Data items
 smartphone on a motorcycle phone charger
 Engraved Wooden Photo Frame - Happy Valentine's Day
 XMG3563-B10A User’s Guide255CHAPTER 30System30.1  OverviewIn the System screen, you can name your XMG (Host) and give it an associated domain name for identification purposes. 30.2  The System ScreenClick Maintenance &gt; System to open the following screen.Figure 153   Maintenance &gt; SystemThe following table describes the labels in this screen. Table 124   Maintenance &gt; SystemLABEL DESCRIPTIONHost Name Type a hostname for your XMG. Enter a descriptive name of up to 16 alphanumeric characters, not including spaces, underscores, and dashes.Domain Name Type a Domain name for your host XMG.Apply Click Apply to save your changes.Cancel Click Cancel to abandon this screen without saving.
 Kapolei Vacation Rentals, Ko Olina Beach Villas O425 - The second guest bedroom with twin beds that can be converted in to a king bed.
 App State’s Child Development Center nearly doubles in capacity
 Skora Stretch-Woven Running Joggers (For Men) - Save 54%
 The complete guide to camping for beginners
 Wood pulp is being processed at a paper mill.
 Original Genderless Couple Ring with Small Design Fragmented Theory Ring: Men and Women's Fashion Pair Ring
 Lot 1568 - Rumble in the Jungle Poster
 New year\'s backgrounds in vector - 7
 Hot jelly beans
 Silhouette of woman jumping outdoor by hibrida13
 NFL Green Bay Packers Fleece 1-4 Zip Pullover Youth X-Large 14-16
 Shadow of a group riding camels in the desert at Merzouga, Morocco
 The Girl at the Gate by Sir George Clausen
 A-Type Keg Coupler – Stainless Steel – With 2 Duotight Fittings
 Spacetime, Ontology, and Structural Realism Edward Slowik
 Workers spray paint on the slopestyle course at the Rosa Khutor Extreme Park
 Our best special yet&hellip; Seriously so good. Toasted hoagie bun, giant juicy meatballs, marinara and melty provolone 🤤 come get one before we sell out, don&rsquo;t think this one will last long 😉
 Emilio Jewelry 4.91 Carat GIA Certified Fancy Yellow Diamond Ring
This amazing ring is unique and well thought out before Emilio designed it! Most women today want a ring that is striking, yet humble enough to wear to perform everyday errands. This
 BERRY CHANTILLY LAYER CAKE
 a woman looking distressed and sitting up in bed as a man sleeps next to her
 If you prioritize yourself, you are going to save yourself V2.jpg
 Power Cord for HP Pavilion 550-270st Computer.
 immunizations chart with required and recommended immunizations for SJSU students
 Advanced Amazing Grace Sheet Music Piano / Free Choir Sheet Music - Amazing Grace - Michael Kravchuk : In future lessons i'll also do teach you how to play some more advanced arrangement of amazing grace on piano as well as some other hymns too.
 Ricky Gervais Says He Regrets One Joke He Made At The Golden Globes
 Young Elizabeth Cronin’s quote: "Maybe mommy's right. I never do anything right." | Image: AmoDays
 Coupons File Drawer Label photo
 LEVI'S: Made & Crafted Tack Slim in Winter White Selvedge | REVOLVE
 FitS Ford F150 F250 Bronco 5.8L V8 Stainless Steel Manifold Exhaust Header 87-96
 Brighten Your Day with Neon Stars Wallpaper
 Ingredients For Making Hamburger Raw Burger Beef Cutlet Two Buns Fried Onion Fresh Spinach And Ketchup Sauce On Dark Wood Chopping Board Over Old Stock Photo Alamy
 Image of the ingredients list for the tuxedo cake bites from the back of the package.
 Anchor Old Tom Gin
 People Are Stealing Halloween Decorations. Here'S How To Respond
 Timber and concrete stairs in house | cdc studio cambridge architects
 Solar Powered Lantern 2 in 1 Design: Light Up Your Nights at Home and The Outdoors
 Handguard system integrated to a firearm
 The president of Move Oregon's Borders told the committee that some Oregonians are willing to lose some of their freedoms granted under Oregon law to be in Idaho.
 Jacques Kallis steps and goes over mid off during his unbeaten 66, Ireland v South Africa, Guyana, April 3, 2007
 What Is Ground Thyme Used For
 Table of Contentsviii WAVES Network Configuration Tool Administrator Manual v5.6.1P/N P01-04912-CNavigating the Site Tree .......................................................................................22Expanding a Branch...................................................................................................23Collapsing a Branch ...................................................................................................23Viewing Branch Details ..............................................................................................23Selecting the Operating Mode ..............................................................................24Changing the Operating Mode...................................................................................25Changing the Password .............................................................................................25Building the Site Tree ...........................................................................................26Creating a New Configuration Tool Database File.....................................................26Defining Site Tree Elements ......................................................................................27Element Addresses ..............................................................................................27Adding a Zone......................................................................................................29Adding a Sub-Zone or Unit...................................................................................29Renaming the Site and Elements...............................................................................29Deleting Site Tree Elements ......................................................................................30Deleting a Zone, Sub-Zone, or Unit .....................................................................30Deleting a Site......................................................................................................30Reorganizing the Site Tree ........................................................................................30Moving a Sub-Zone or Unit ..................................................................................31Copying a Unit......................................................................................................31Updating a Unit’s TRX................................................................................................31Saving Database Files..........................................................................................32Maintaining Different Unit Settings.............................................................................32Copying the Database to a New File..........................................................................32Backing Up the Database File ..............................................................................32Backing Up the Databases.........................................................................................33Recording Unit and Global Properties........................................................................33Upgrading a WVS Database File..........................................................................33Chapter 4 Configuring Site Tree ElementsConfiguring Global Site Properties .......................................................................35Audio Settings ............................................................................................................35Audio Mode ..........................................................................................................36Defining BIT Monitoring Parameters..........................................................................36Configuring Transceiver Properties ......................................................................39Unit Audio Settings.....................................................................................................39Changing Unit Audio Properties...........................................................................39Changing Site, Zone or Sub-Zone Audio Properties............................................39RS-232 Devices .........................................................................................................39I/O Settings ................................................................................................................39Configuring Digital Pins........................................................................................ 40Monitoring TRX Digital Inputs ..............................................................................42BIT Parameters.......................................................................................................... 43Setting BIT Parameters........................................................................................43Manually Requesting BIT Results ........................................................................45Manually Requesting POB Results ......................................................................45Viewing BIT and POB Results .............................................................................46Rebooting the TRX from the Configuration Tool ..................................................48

#### [WHAT YOU HAVE TO DO]
The answer must be a word-for-word transcription of every record above.

#### [TASK ANSWER]
 smartphone on a motorcycle phone charger
 Engraved Wooden Photo Frame - Happy Valentine's Day
 XMG3563-B10A User’s Guide255CHAPTER 30System30.1  OverviewIn the System screen, you can name your XMG (Host) and give it an associated domain name for identification purposes. 30.2  The System ScreenClick Maintenance &gt; System to open the following screen.Figure 153   Maintenance &gt; SystemThe following table describes the labels in this screen. Table 124   Maintenance &gt; SystemLABEL DESCRIPTIONHost Name Type a hostname for your XMG. Enter a descriptive name of up to 16 alphanumeric characters, not including spaces, underscores, and dashes.Domain Name Type a Domain name for your host XMG.Apply Click Apply to save your changes.Cancel Click Cancel to abandon this screen without saving.
 Kapolei Vacation Rentals, Ko Olina Beach Villas O425 - The second guest bedroom with twin beds that can be converted in to a king bed.
 App State’s Child Development Center nearly doubles in capacity
 Skora Stretch-Woven Running Joggers (For Men) - Save 54%
 The complete guide to camping for beginners
 Wood pulp is being processed at a paper mill.
 Original Genderless Couple Ring with Small Design Fragmented Theory Ring: Men and Women's Fashion Pair Ring
 Lot 1568 - Rumble in the Jungle Poster
 New year\'s backgrounds in vector - 7
 Hot jelly beans
 Silhouette of woman jumping outdoor by hibrida13
 NFL Green Bay Packers Fleece 1-4 Zip Pullover Youth X-Large 14-16
 Shadow of a group riding camels in the desert at Merzouga, Morocco
 The Girl at the Gate by Sir George Clausen
 A-Type Keg Coupler – Stainless Steel – With 2 Duotight Fittings
 Spacetime, Ontology, and Structural Realism Edward Slowik
 Workers spray paint on the slopestyle course at the Rosa Khutor Extreme Park
 Our best special yet&hellip; Seriously so good. Toasted hoagie bun, giant juicy meatballs, marinara and melty provolone 🤤 come get one before we sell out, don&rsquo;t think this one will last long 😉
 Emilio Jewelry 4.91 Carat GIA Certified Fancy Yellow Diamond Ring
This amazing ring is unique and well thought out before Emilio designed it! Most women today want a ring that is striking, yet humble enough to wear to perform everyday errands. This
 BERRY CHANTILLY LAYER CAKE
 a woman looking distressed and sitting up in bed as a man sleeps next to her
 If you prioritize yourself, you are going to save yourself V2.jpg
 Power Cord for HP Pavilion 550-270st Computer.
 immunizations chart with required and recommended immunizations for SJSU students
 Advanced Amazing Grace Sheet Music Piano / Free Choir Sheet Music - Amazing Grace - Michael Kravchuk : In future lessons i'll also do teach you how to play some more advanced arrangement of amazing grace on piano as well as some other hymns too.
 Ricky Gervais Says He Regrets One Joke He Made At The Golden Globes
 Young Elizabeth Cronin’s quote: "Maybe mommy's right. I never do anything right." | Image: AmoDays
 Coupons File Drawer Label photo
 LEVI'S: Made & Crafted Tack Slim in Winter White Selvedge | REVOLVE
 FitS Ford F150 F250 Bronco 5.8L V8 Stainless Steel Manifold Exhaust Header 87-96
 Brighten Your Day with Neon Stars Wallpaper
 Ingredients For Making Hamburger Raw Burger Beef Cutlet Two Buns Fried Onion Fresh Spinach And Ketchup Sauce On Dark Wood Chopping Board Over Old Stock Photo Alamy
 Image of the ingredients list for the tuxedo cake bites from the back of the package.
 Anchor Old Tom Gin
 People Are Stealing Halloween Decorations. Here'S How To Respond
 Timber and concrete stairs in house | cdc studio cambridge architects
 Solar Powered Lantern 2 in 1 Design: Light Up Your Nights at Home and The Outdoors
 Handguard system integrated to a firearm
 The president of Move Oregon's Borders told the committee that some Oregonians are willing to lose some of their freedoms granted under Oregon law to be in Idaho.
 Jacques Kallis steps and goes over mid off during his unbeaten 66, Ireland v South Africa, Guyana, April 3, 2007
 What Is Ground Thyme Used For
 Table of Contentsviii WAVES Network Configuration Tool Administrator Manual v5.6.1P/N P01-04912-CNavigating the Site Tree .......................................................................................22Expanding a Branch...................................................................................................23Collapsing a Branch ...................................................................................................23Viewing Branch Details ..............................................................................................23Selecting the Operating Mode ..............................................................................24Changing the Operating Mode...................................................................................25Changing the Password .............................................................................................25Building the Site Tree ...........................................................................................26Creating a New Configuration Tool Database File.....................................................26Defining Site Tree Elements ......................................................................................27Element Addresses ..............................................................................................27Adding a Zone......................................................................................................29Adding a Sub-Zone or Unit...................................................................................29Renaming the Site and Elements...............................................................................29Deleting Site Tree Elements ......................................................................................30Deleting a Zone, Sub-Zone, or Unit .....................................................................30Deleting a Site......................................................................................................30Reorganizing the Site Tree ........................................................................................30Moving a Sub-Zone or Unit ..................................................................................31Copying a Unit......................................................................................................31Updating a Unit’s TRX................................................................................................31Saving Database Files..........................................................................................32Maintaining Different Unit Settings.............................................................................32Copying the Database to a New File..........................................................................32Backing Up the Database File ..............................................................................32Backing Up the Databases.........................................................................................33Recording Unit and Global Properties........................................................................33Upgrading a WVS Database File..........................................................................33Chapter 4 Configuring Site Tree ElementsConfiguring Global Site Properties .......................................................................35Audio Settings ............................................................................................................35Audio Mode ..........................................................................................................36Defining BIT Monitoring Parameters..........................................................................36Configuring Transceiver Properties ......................................................................39Unit Audio Settings.....................................................................................................39Changing Unit Audio Properties...........................................................................39Changing Site, Zone or Sub-Zone Audio Properties............................................39RS-232 Devices .........................................................................................................39I/O Settings ................................................................................................................39Configuring Digital Pins........................................................................................ 40Monitoring TRX Digital Inputs ..............................................................................42BIT Parameters.......................................................................................................... 43Setting BIT Parameters........................................................................................43Manually Requesting BIT Results ........................................................................45Manually Requesting POB Results ......................................................................45Viewing BIT and POB Results .............................................................................46Rebooting the TRX from the Configuration Tool ..................................................48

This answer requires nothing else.